Signes sans sens jaune ++++ + + + + 12

Note. Ce test comporte 28.57% de mots en lien avec le stéréotype.

Procédure du test

Chaque stimulus était présenté au centre de l’écran, sur fond noir en utilisant des couleurs différentes (bleu, rouge, vert, jaune). Ces 8 stimuli sont présentés dans un ordre pseudo-aléatoire afin que le même mot ou la même couleur ne se répète pas lors de la présentation d’items successifs. La tâche des participants consiste à dénommer le plus rapidement et avec le moins d’erreurs possible la couleur dans laquelle les items sont présentés (de Ribaupierre et al., 2004).

Indices

Les scores utilisés pour le test de Stroop émotionnel sont le temps de dénomination et le nombre d’erreurs. Ces dernières sont soit des erreurs « Stroop » (lecture du mot à la place de dénommer la couleur) soit des erreurs matérielles (problème de sensibilité de la clé vocale qui force le participant à répéter sa réponse). A partir de ces scores bruts et d’une manière identique à ce qui avait été fait pour le test de Stroop, différents indices d’interférence ont été calculés (voir Tableau 14):

117 Une ANOVA est réalisée sur chacune de ces dimensions.
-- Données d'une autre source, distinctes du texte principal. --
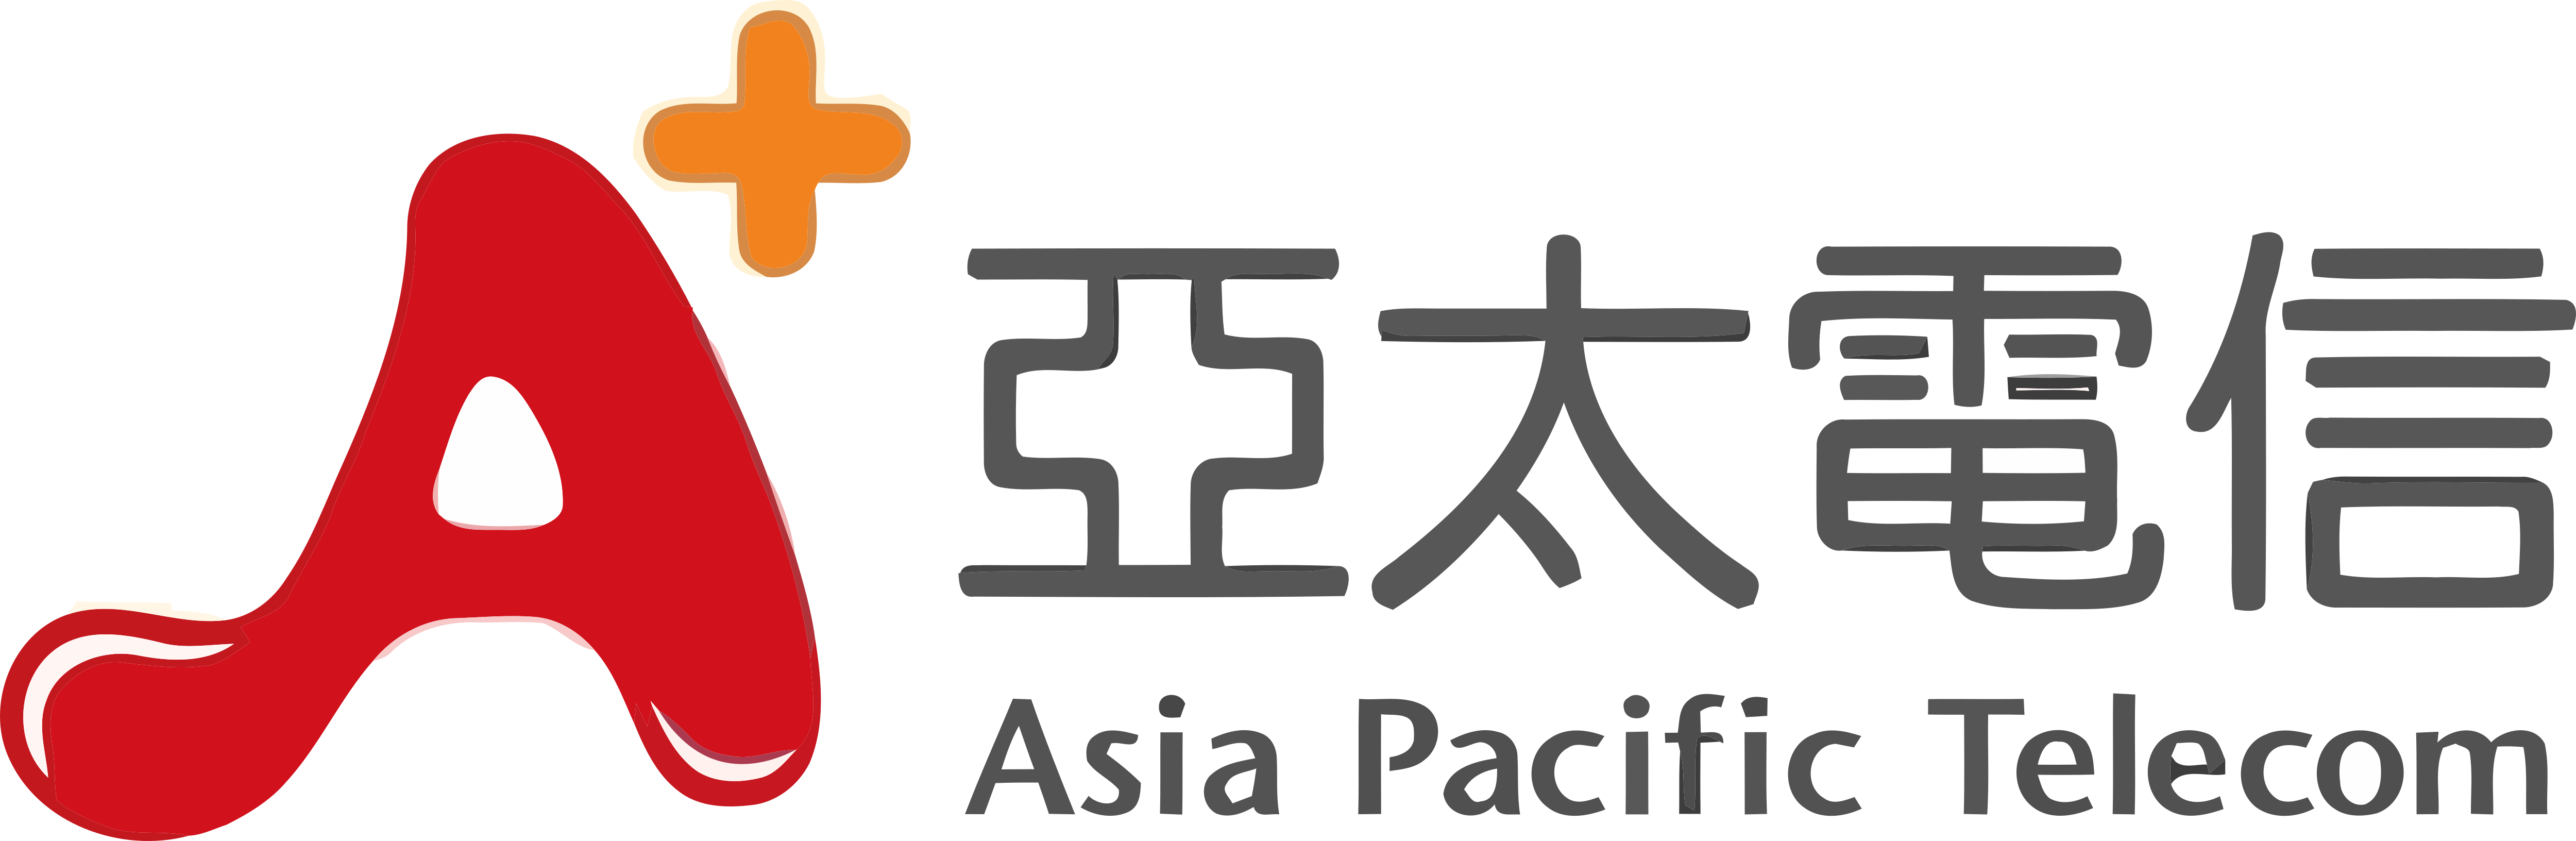 B c asia. Азия лого. Asia Pacific. Asia Pacific logo. Asia Pacific Bank logo.

Tableau 14. Résumé des indices utilisés au test de Stroop émotionnel Différence

Indice d’interférence 1 Mots Stéréotypes – Mots négatifs Indice d’interférence 2 Mots Stéréotypes – Mots neutres Indice d’interférence 3 Mots Stéréotypes – Signes sans sens

Note.Les deux premiers indices sont ceux qui ont été les plus souvent utilisés dans les études avec le Stroop

émotionnel. Le troisième indice a été ajouté afin de permettre une comparaison du niveau de l’interférence constatée dans le Stroop couleur.

Ces trois indices permettent un calcul du niveau d’interférence due aux mots liés aux stéréotypes négatifs sur le vieillissement. De ces trois indices cependant, le plus crucial sera pour nous celui utilisant comme ligne de base les mots négatifs (Mots stéréotypes – Mots négatifs) puisqu’il est le seul à permettre un contrôle de l’interférence liée à la valence émotionnelle des mots présentés du fait de l’utilisation d’une ligne de base de mots négatifs de même valence.